Then we extract individual fields from addressNode:
addressNode.get("city").asText()
addressNode.get("zipcode").asText()
✔ Accessing Array Elements:
rootNode.get("skills") returns a JsonNode representing the JSON array.
Iterating through the array elements using a for-each loop and accessing each skill’s value with skill.asText().
✅ Advantages of Tree Model
Advantage
Explanation
Dynamic Parsing
No need to create Java classes in advance. Useful for unknown or changing JSON structures.
Selective Data Access
Access only the parts of the JSON you need, saving memory and effort.
Nested and Array Support
Easily traverse deeply nested objects and arrays without mapping everything upfront.
✅ When to Use Tree Model vs Data Binding
Scenario
Recommended Approach
Static and well-defined structure
Use POJOs + ObjectMapper (Serialization/Deserialization)
Unknown, dynamic, or partial structure
Use Tree Model (JsonNode)
Need to modify part of the JSON
Use ObjectNode (which extends JsonNode) to manipulate fields
4. Creating JSON Objects Dynamically with ObjectNode
In some scenarios, you don’t have a predefined Java object (POJO) to represent the JSON you want to generate. For example, when building dynamic JSON responses in REST APIs, or transforming data on the fly. Jackson’s ObjectNode class is ideal for such cases.
✅ What Is ObjectNode?
ObjectNode is a subclass of JsonNode that represents a JSON object { ... }.
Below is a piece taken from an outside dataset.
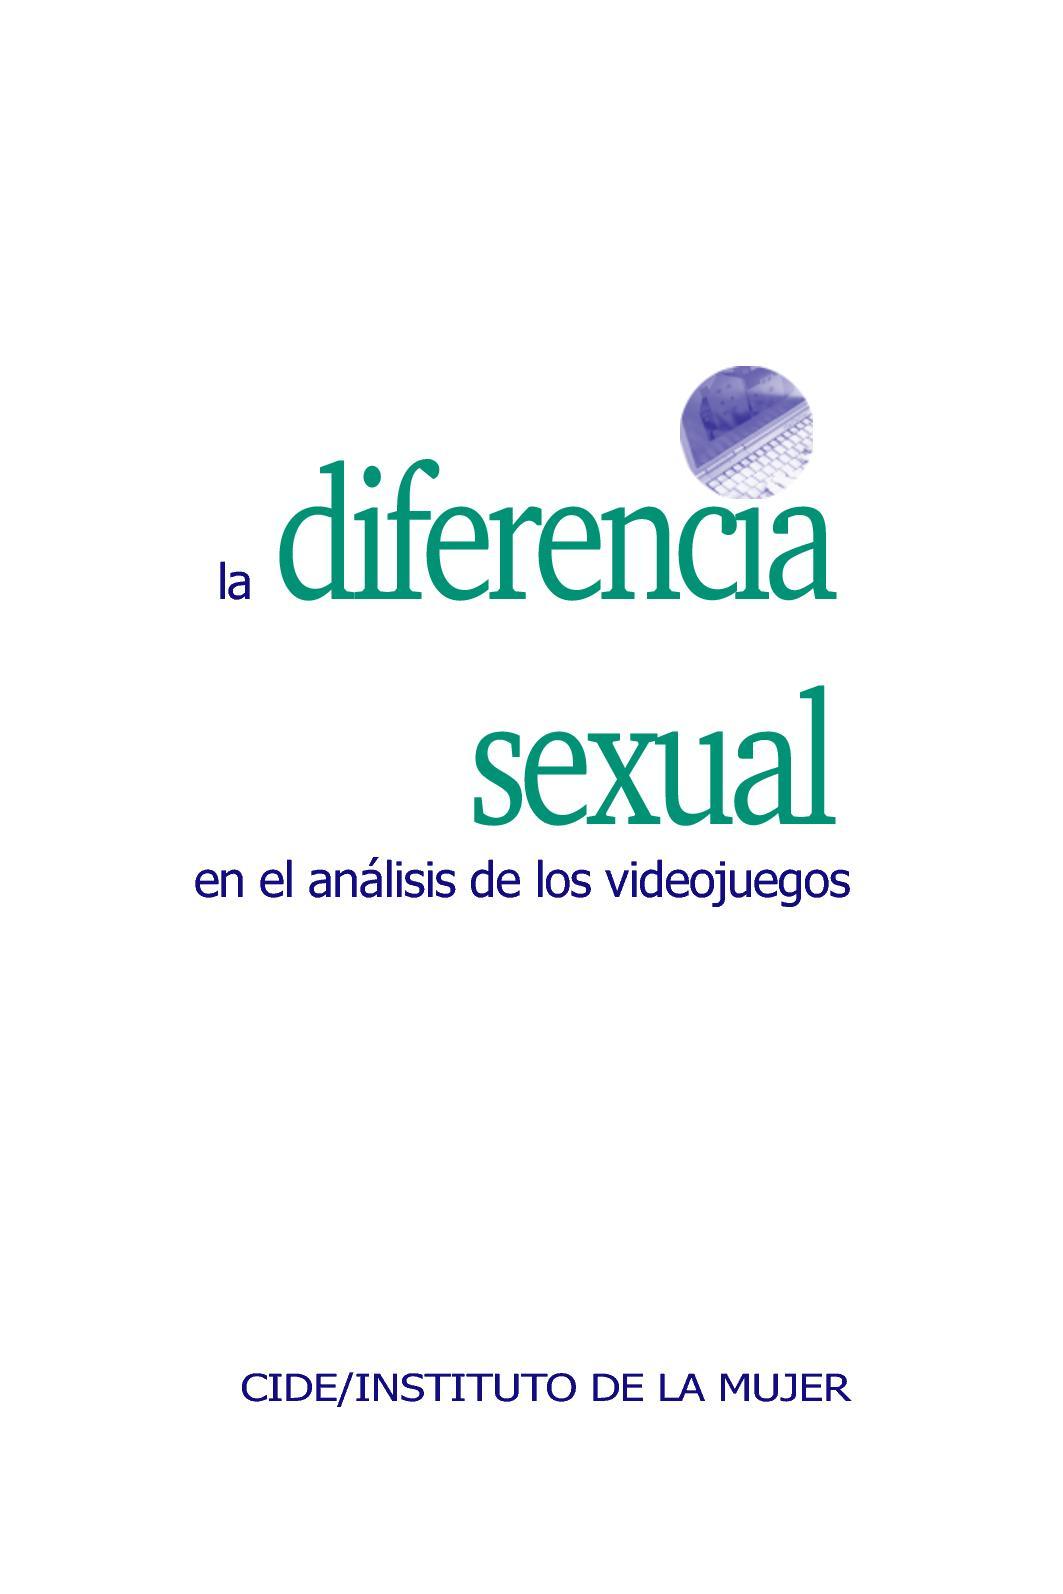 pozo del lobo porno juegos videos ligar con maduritas sexo porno puritanas contacto gays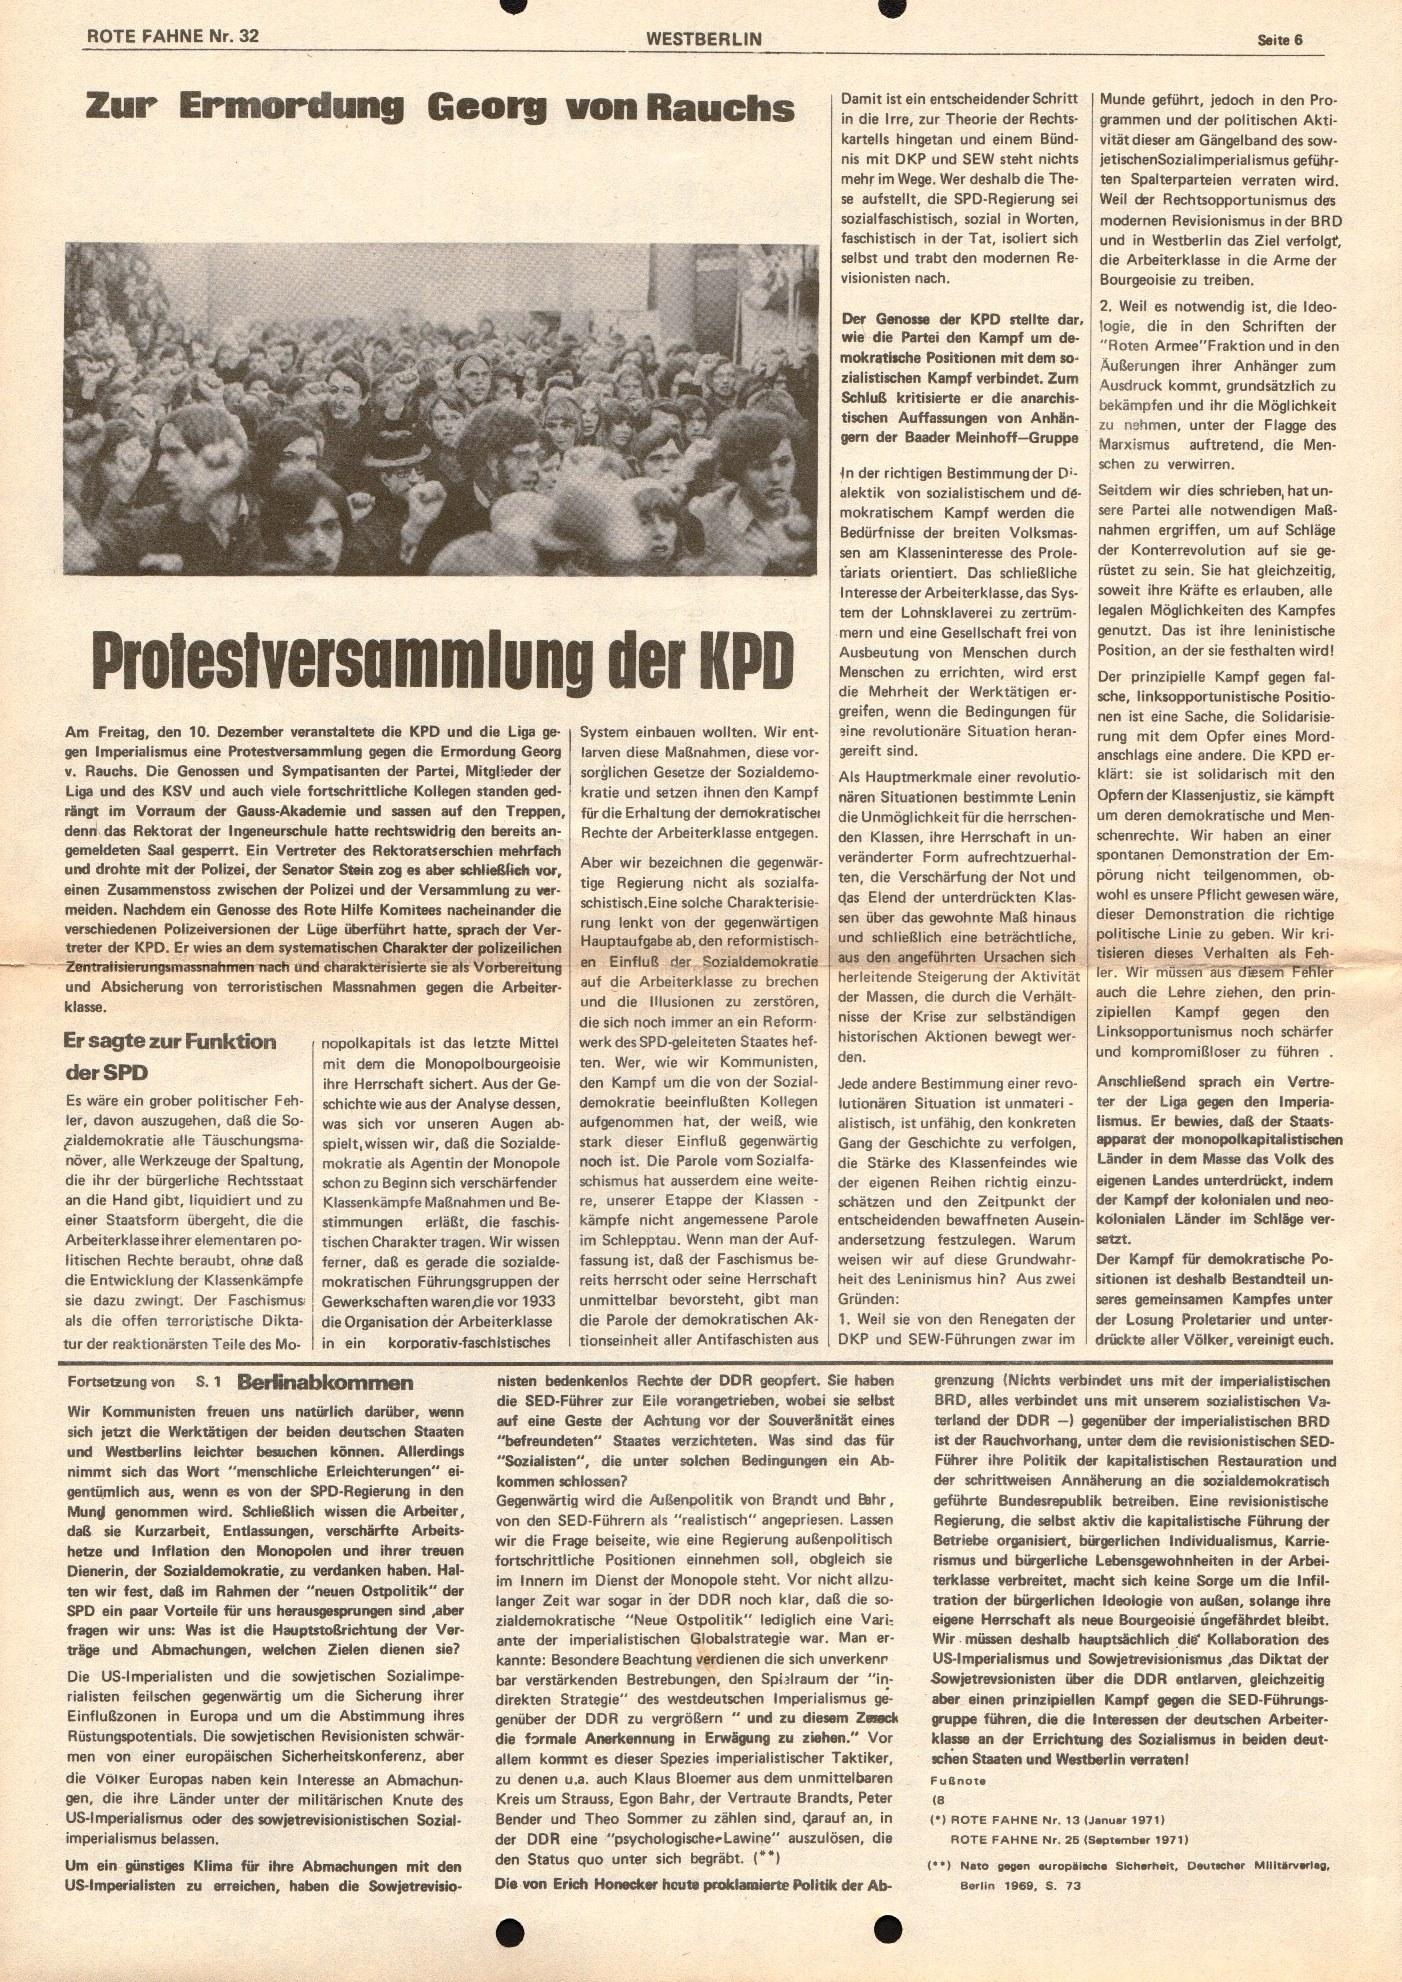 KPD_Rote_Fahne_1971_32_06

Allows you to dynamically create, modify, and remove fields without needing a POJO.
Ideal when you want to construct a JSON object programmatically
✅ Demonstrates how to create simple fields using put().
✅ Shows how to add a nested object with ObjectNode.
✅ Explains how to build an array field using ArrayNode.
✅ Illustrates use cases like building dynamic JSON responses in REST APIs, building configuration files dynamically, or performing data transformations.
5. Working with JSON Arrays in Java
A JSON Array is an ordered collection of values, which may include objects, strings, numbers, booleans, or other primitives. In Java, using Jackson, you can easily parse and construct JSON arrays with the help of the ArrayNode class, which extends JsonNode.
Imagine you receive a JSON array from an external API that lists products available in an online store. You can parse the JSON array string into an ArrayNode and iterate through its elements like this:
Suppose your application needs to dynamically build a product catalog before returning it as a JSON response. You can use ArrayNode to construct the array programmatically:
👉 In a real-time e-commerce system, this dynamic creation of product lists allows you to build flexible APIs that respond with the most up-to-date product information in INR.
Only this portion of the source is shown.